SKEW is a little known indicator of the desire for “crash protection” by institutional and professional investors. On Monday it hit its highest point…ever. You may wish to read this ZeroHedge article to get the lowdown. Good luck and good trading.
VIX rallied and closed above the 50-day Moving Average at 13.21, confirming the buy signal. The Head & Shoulders formation was negated, but replaced by a Broadening Wedge formation with an appropriate target.
— The NYSE Hi-Lo Index has been on a sell signal since Friday. The decline appears to be underway through October. As of today, there are more NYSE stocks are making new 52-week lows than highs.
- Peak Housing, Peak Autos, a Pivot in Monetary Policy Spell Peak Global GDP and an Economic Slowdown in late 2018 and in 2019
- Watch the Fixed-Income Markets (and the flattening yield curve) That Are Providing the “Tell” that Slower Growth Lies Ahead
- The Buzz of Synchronized Global Growth Has Faded
- What Makes Equities Even More Vulnerable is that the Leading Component of the Markets, ‘FANG,’ Has Become Diminished and Is Now ‘GA’
- Tops Are Processes, and We May Be in That Process Now
— After being repelled at its Cycle Top, SPX declined through the upper 2-year trendline, bouncing from Intermediate-term support at 2803.41. A sell signal may result should the SPX decline beneath that support. Should it do so, the next target may be the lower Diagonal trendline and 200-day Moving Average at 2712.62.
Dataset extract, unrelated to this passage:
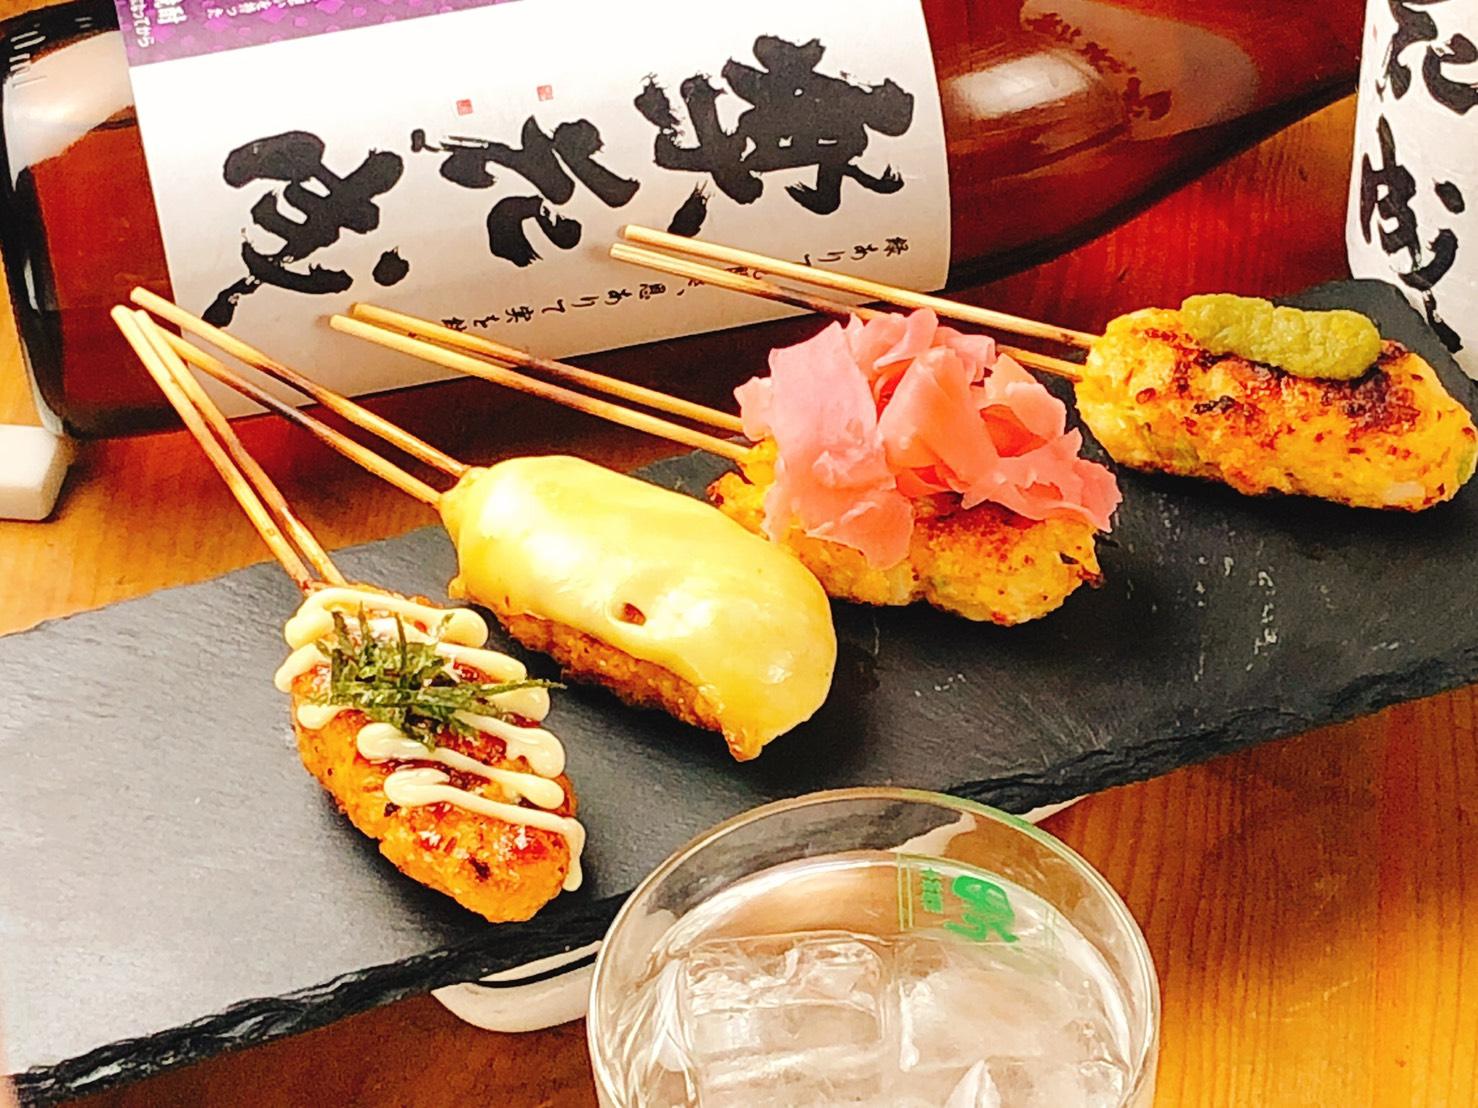 ギフトに嬉しい食事券をプレゼント。大阪で人気の焼き鳥居酒屋を紹介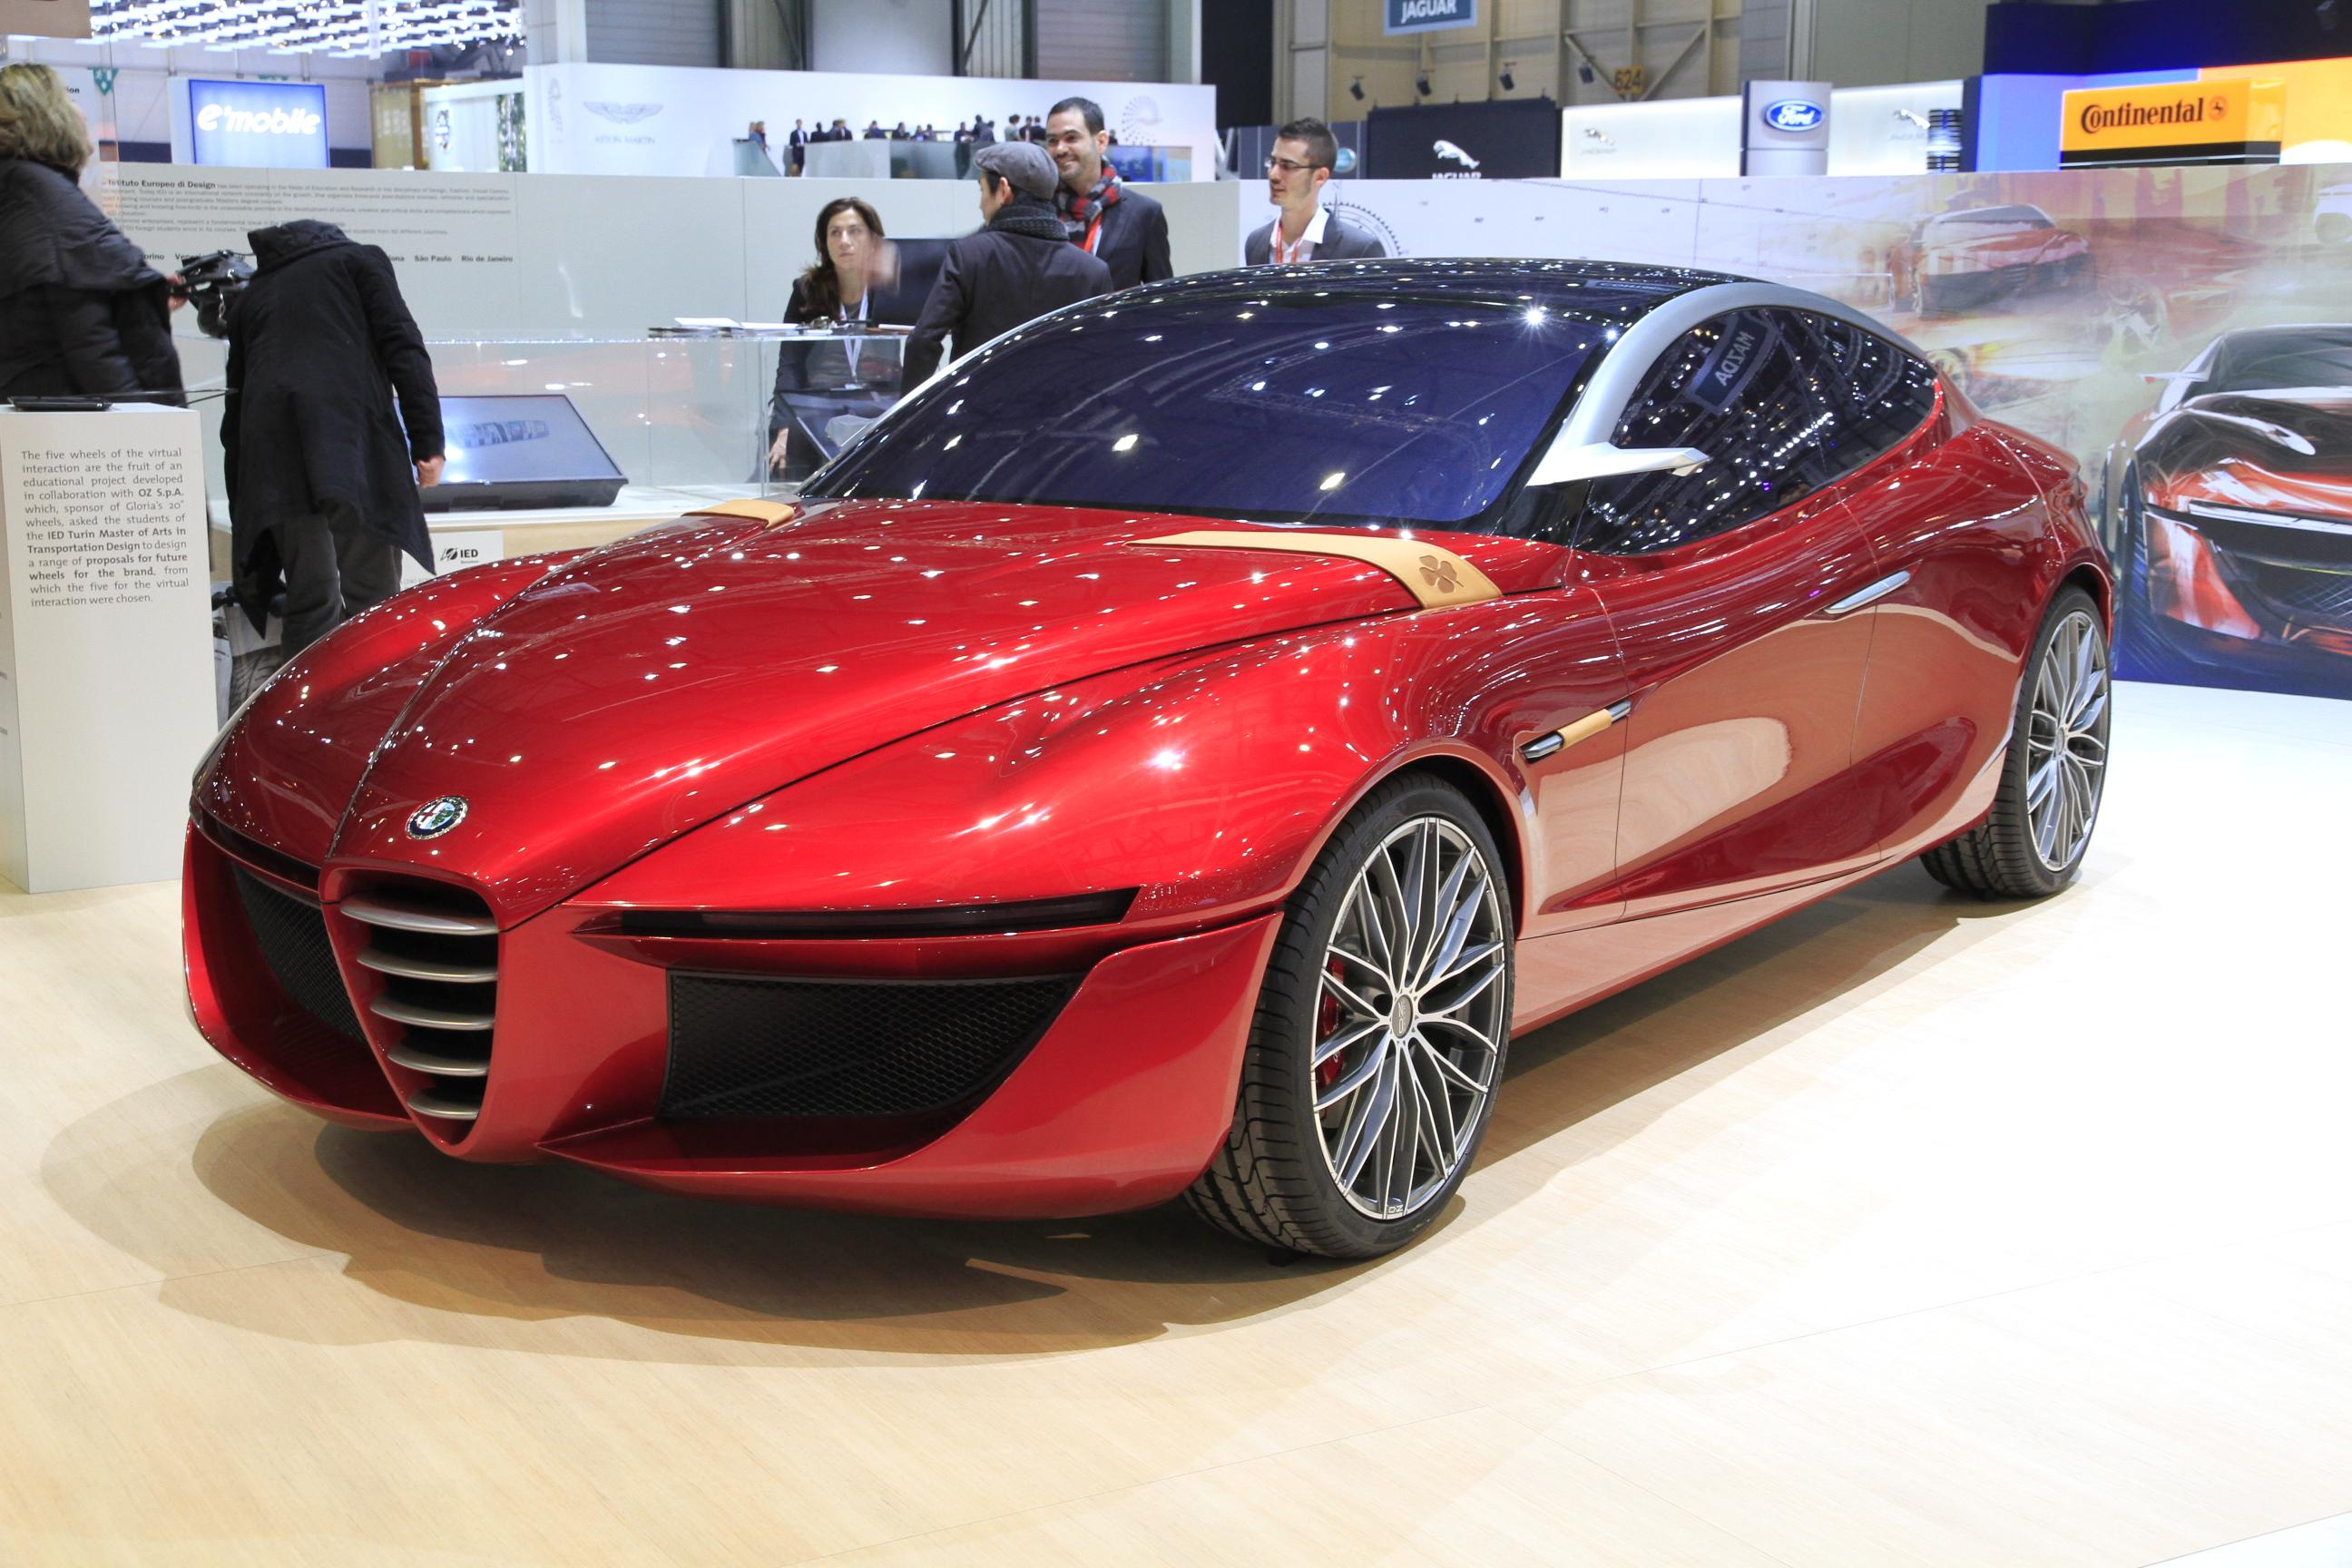 http://images.caradisiac.com/images/5/0/2/3/85023/S0-En-direct-de-Geneve-2013-Alfa-Romeo-Gloria-concept-Giulia-es-tu-la-288033.jpg

(Bloomberg) U.S. stocks had their worst day in seven weeks Wednesday amid a broad decline in global equities as technology shares were roiled by disappointing results from Chinese internet giant Tencent Holdings Ltd. and copper sank into a bear market, weighing on commodities. Crude oil slipped below $65 a barrel following a report that American stockpiles rose the most since March 2017.
The S&P 500 Index declined for the fifth time in six sessions, while the Nasdaq 100 Index posted the weakest performance among major U.S. benchmarks. Strong retail sales figures did little to mollify investors, as Macy’s Inc.plummeted 16 percent, the most since May 2017, despite beating expectations. Tencent’s first profit decline in at least a decade also rattled emerging-market equities.
— NDX declined from a near-retracement of its all-time high, bouncing from its Intermediate-term support at 7317.40. The COMPQ declined to its 50-day Moving Average before it bounced. The 50-day Moving Average at 7273.53 is critical support. A break there may start a waterfall decline.
(ZeroHedge) In addition to growing fears about Emerging Market contagion (where despite the Turkish Lira’s latest surge, we have seen the Chinese Yuan tumble to fresh one year lows amid a surge in the US Dollar), this morning traders were stunned by Chinese tech giant Tencent, which came out with numbers that were simply awful, missing on the top and bottom line, reporting revenue of CNY 73.7BN, below the CNY 77.7BN expected, More importantly, its profit of CNY 17.867BN was far below the CNY 19.3BN expected, and down from CNY 18.231BN a year ago: Tencent’s first profit drop in a decade.
The news sent Tencent ADRs tumbling to the lowest level since August 2017.
The High Yield Bond Index challenged Intermediate-term support at 194.07, but bounced, closing above that level. A decline beneath its critical supports may invoke a sell signal.
(ZeroHedge) Despite a headline beat on the back of ‘hope’ rising, Empire Fed data shows two disturbing trends – slowing new order growth and collapsing margins as price pressure bites.
Empire Fed New Orders were unable to reach the peak of 2017 and have now faded lower for two straight months…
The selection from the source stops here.